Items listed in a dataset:
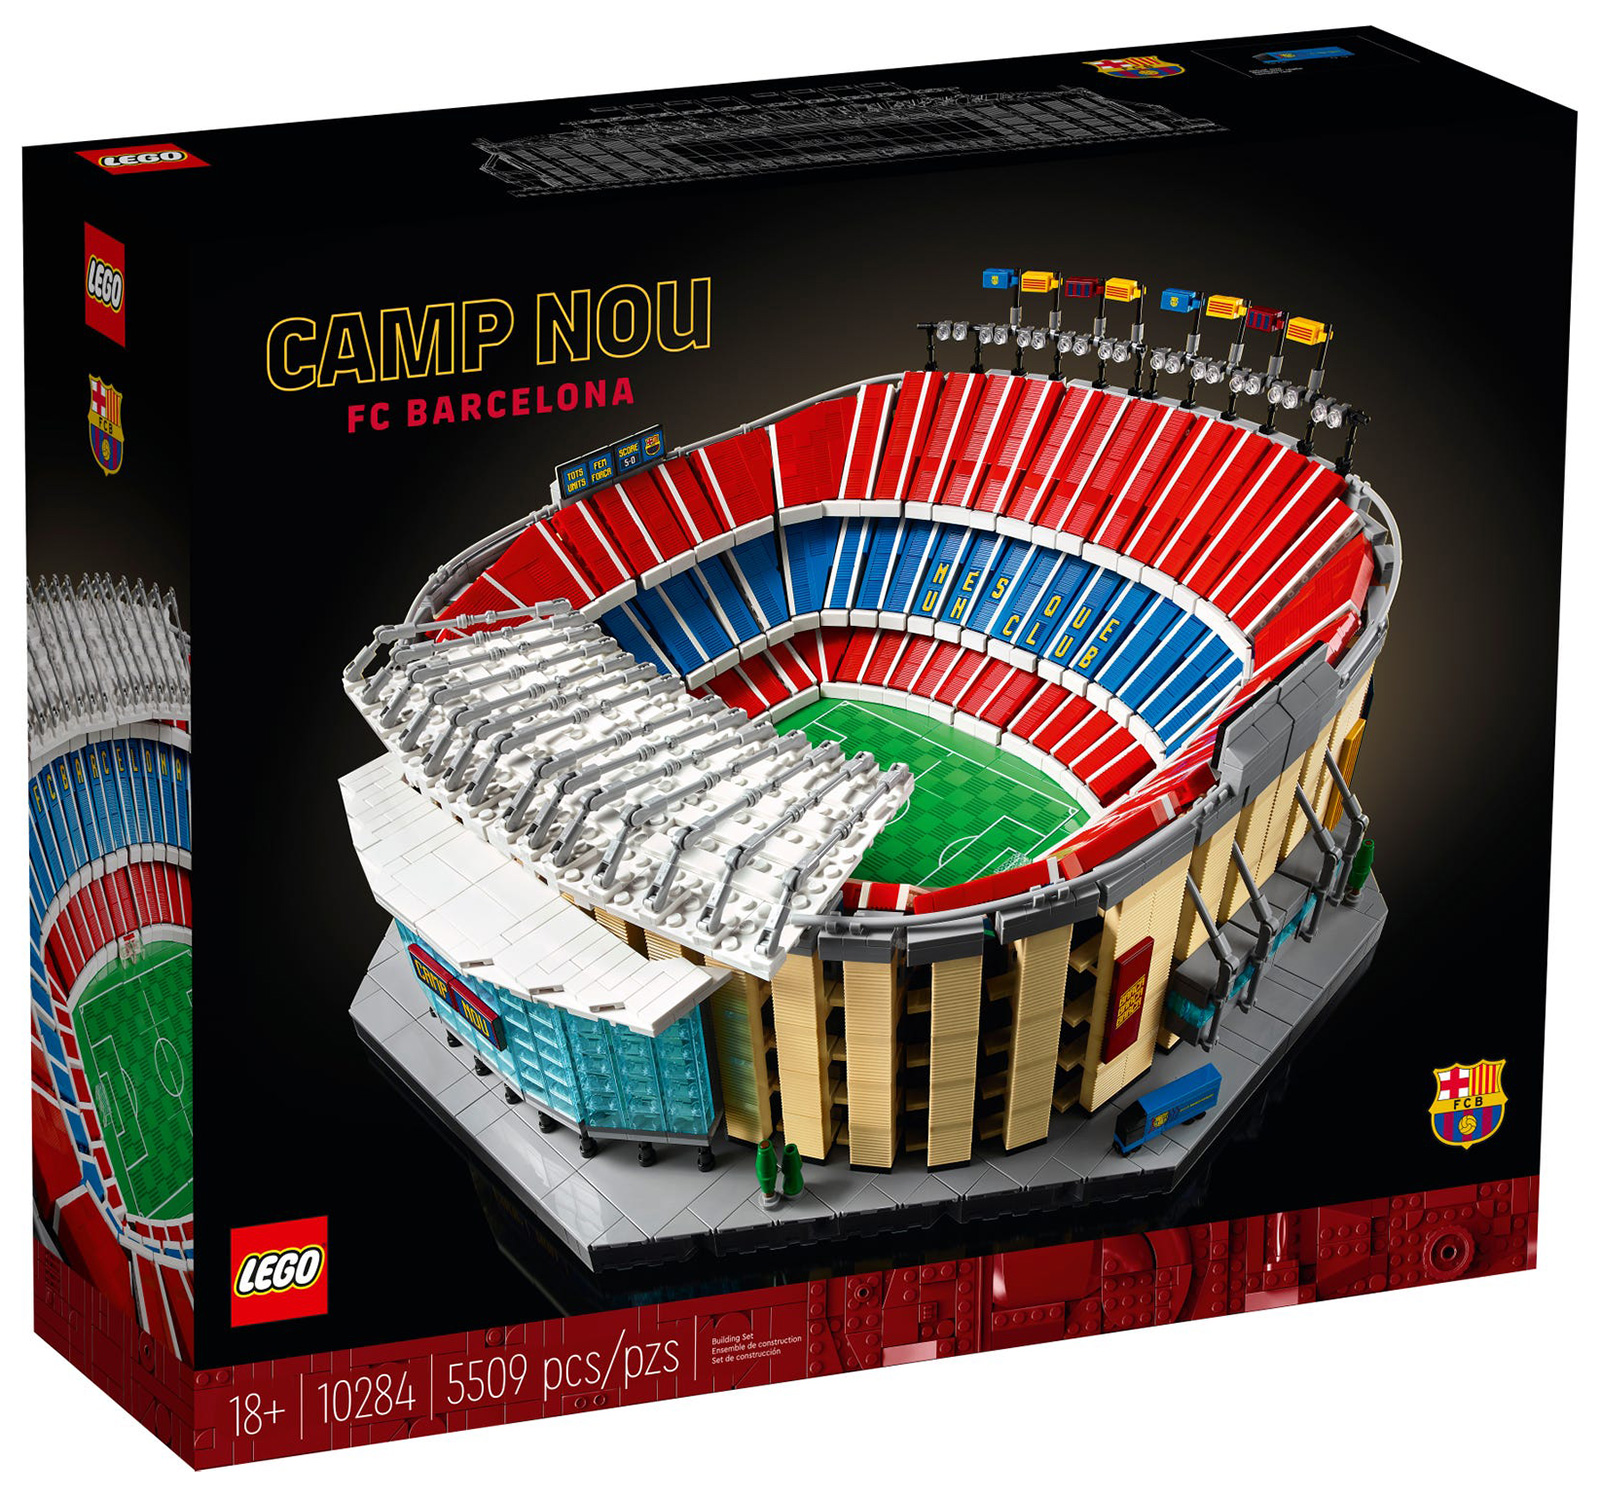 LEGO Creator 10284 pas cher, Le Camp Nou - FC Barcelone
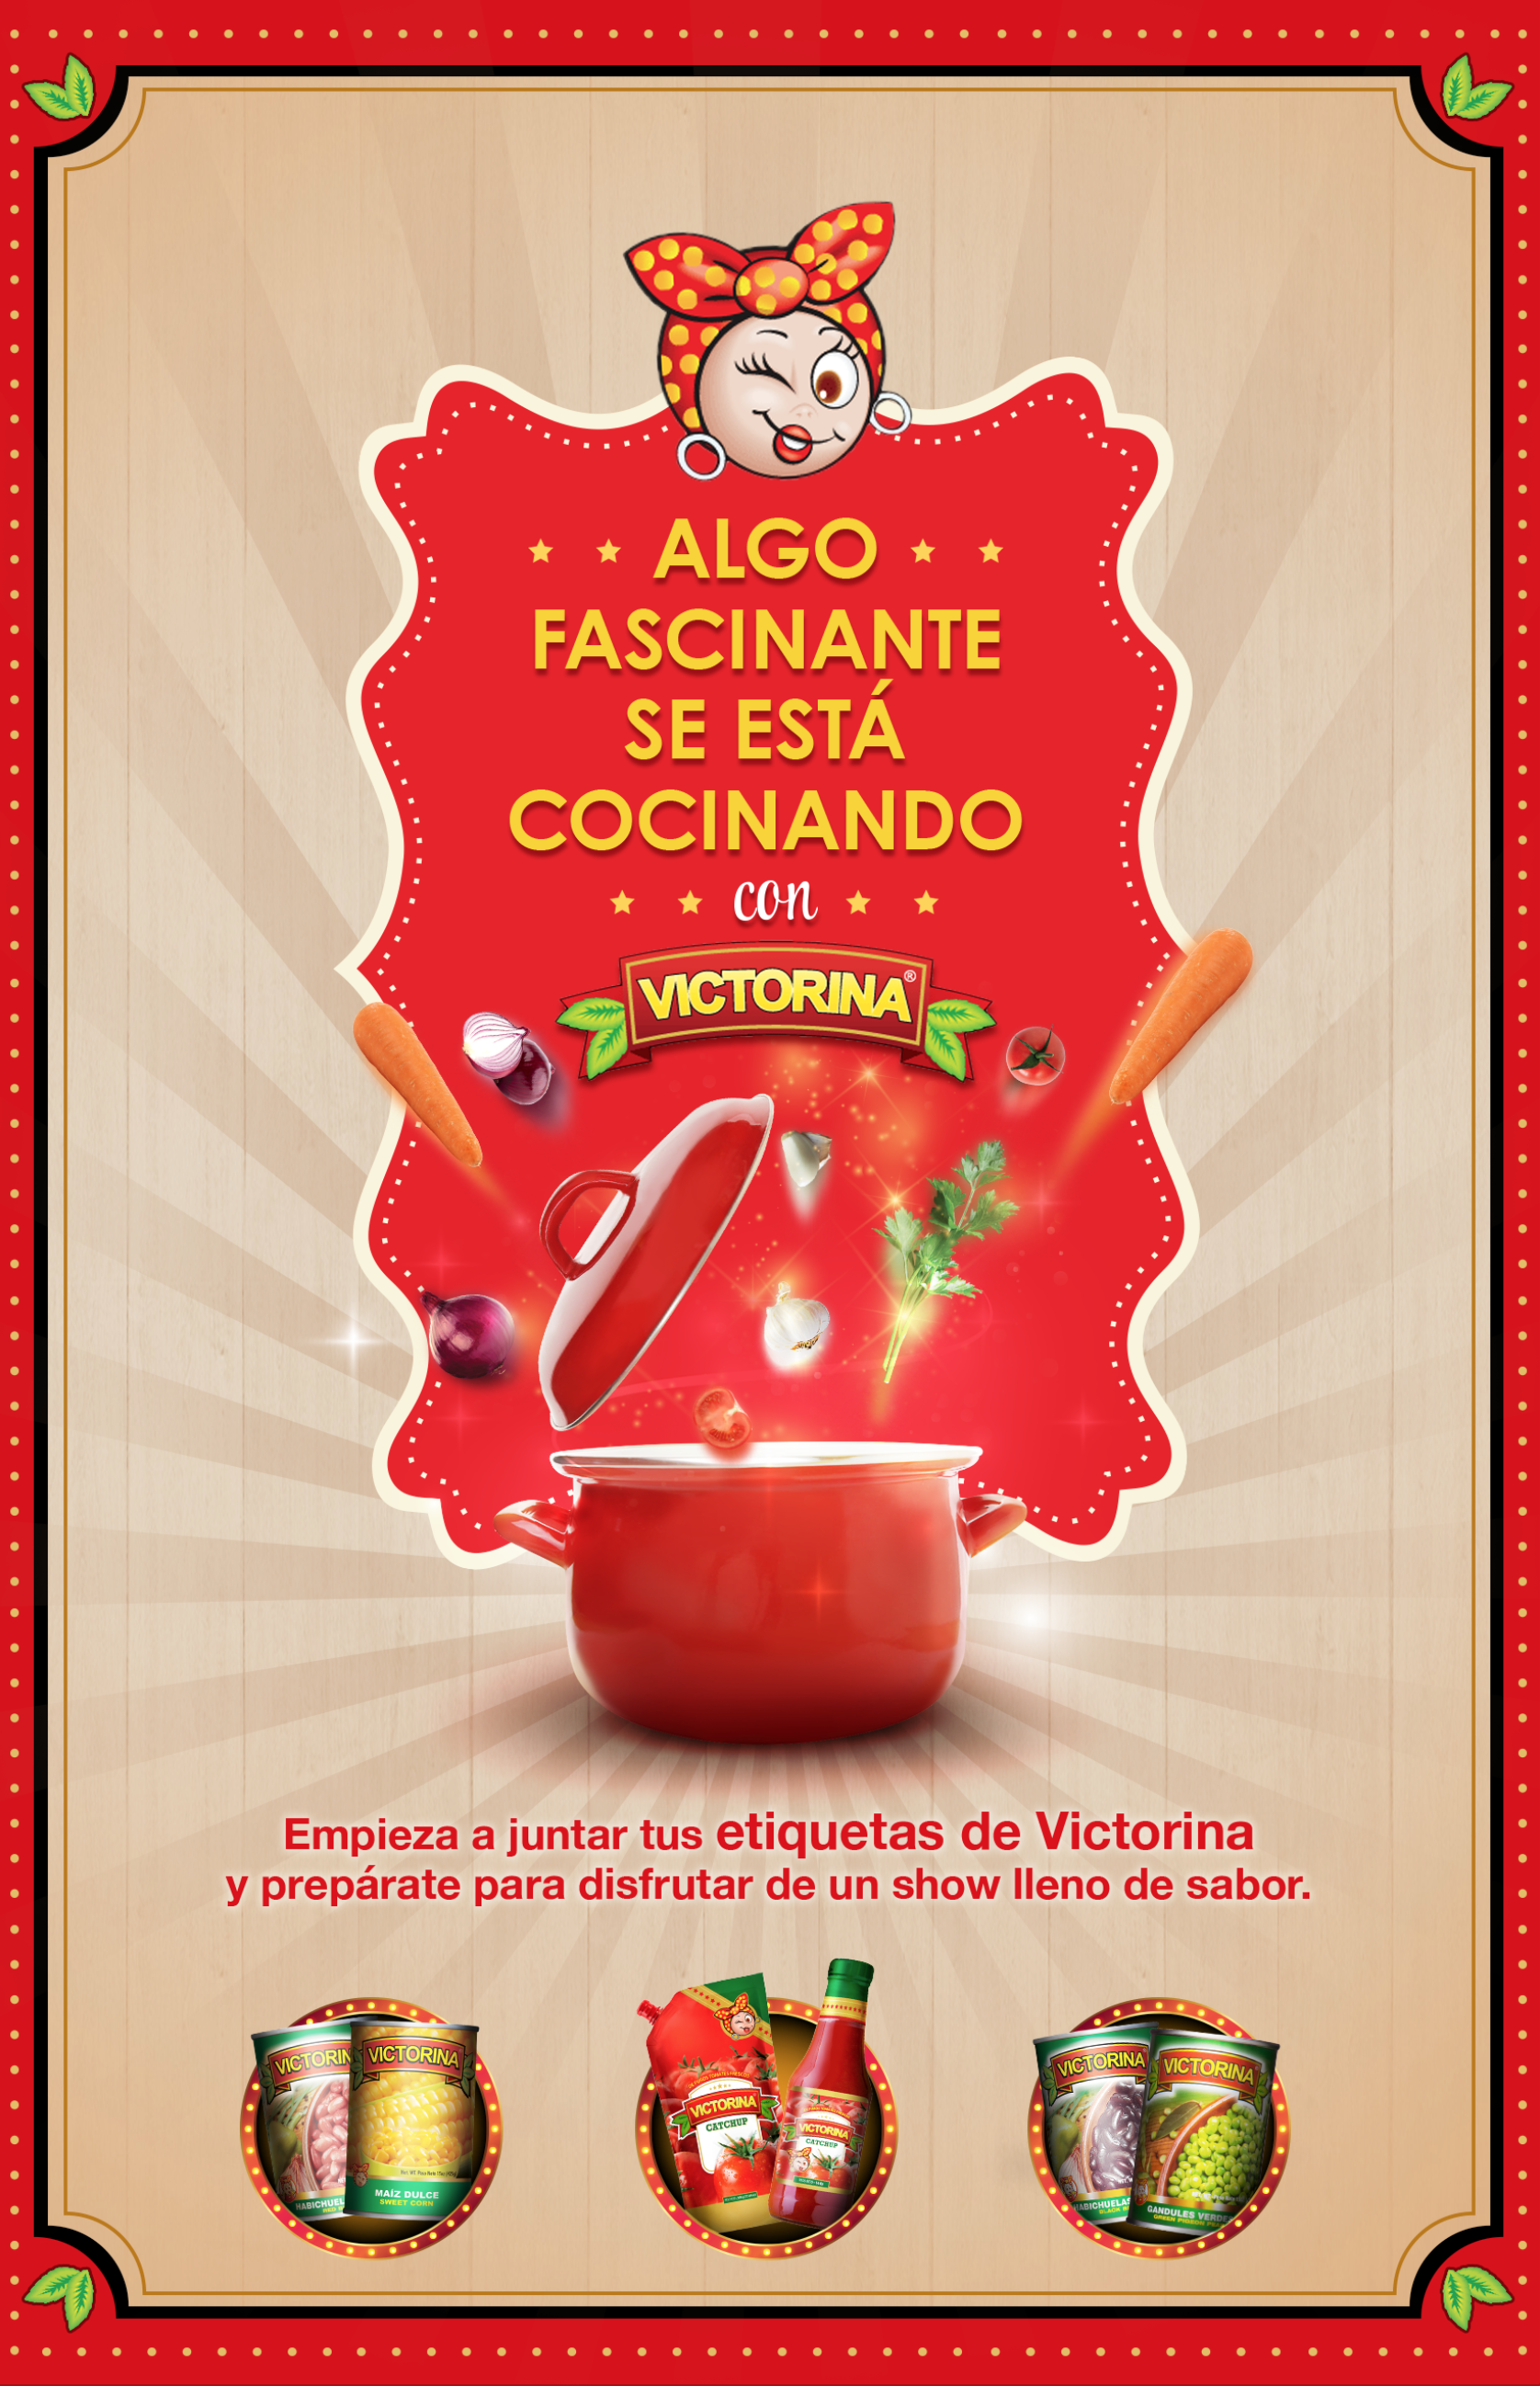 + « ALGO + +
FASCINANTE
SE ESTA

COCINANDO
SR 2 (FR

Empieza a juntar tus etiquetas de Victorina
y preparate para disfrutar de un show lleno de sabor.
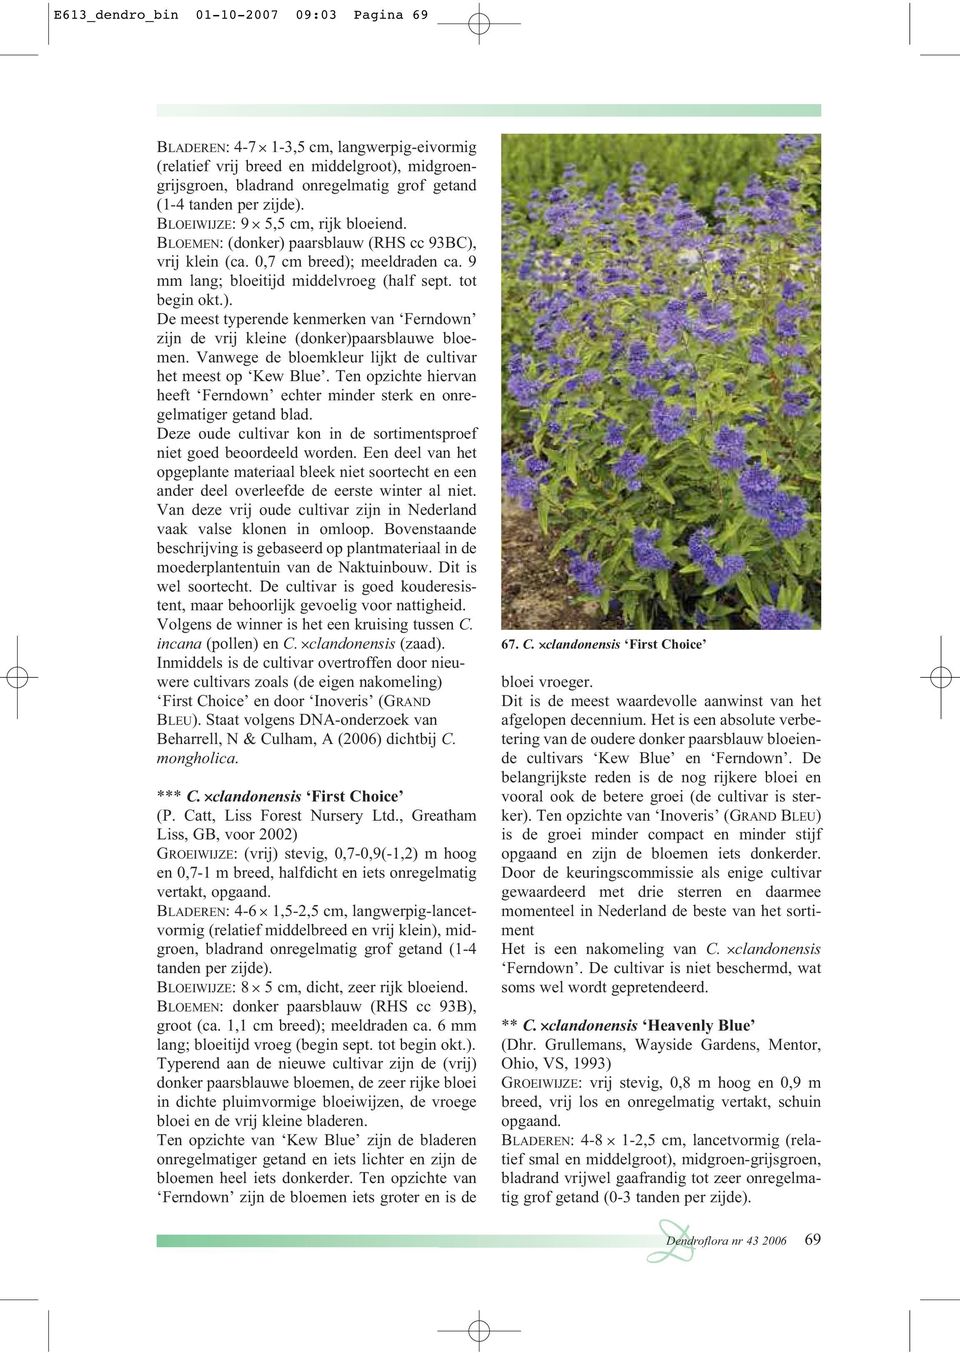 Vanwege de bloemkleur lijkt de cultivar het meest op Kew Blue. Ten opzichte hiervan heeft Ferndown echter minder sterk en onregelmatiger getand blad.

### Exercise directions
The records must be restated word for word, apart from any images.

### Written answer
 LEGO Creator 10284 pas cher, Le Camp Nou - FC Barcelone
 + « ALGO + +
FASCINANTE
SE ESTA

COCINANDO
SR 2 (FR

Empieza a juntar tus etiquetas de Victorina
y preparate para disfrutar de un show lleno de sabor.
 Vanwege de bloemkleur lijkt de cultivar het meest op Kew Blue. Ten opzichte hiervan heeft Ferndown echter minder sterk en onregelmatiger getand blad.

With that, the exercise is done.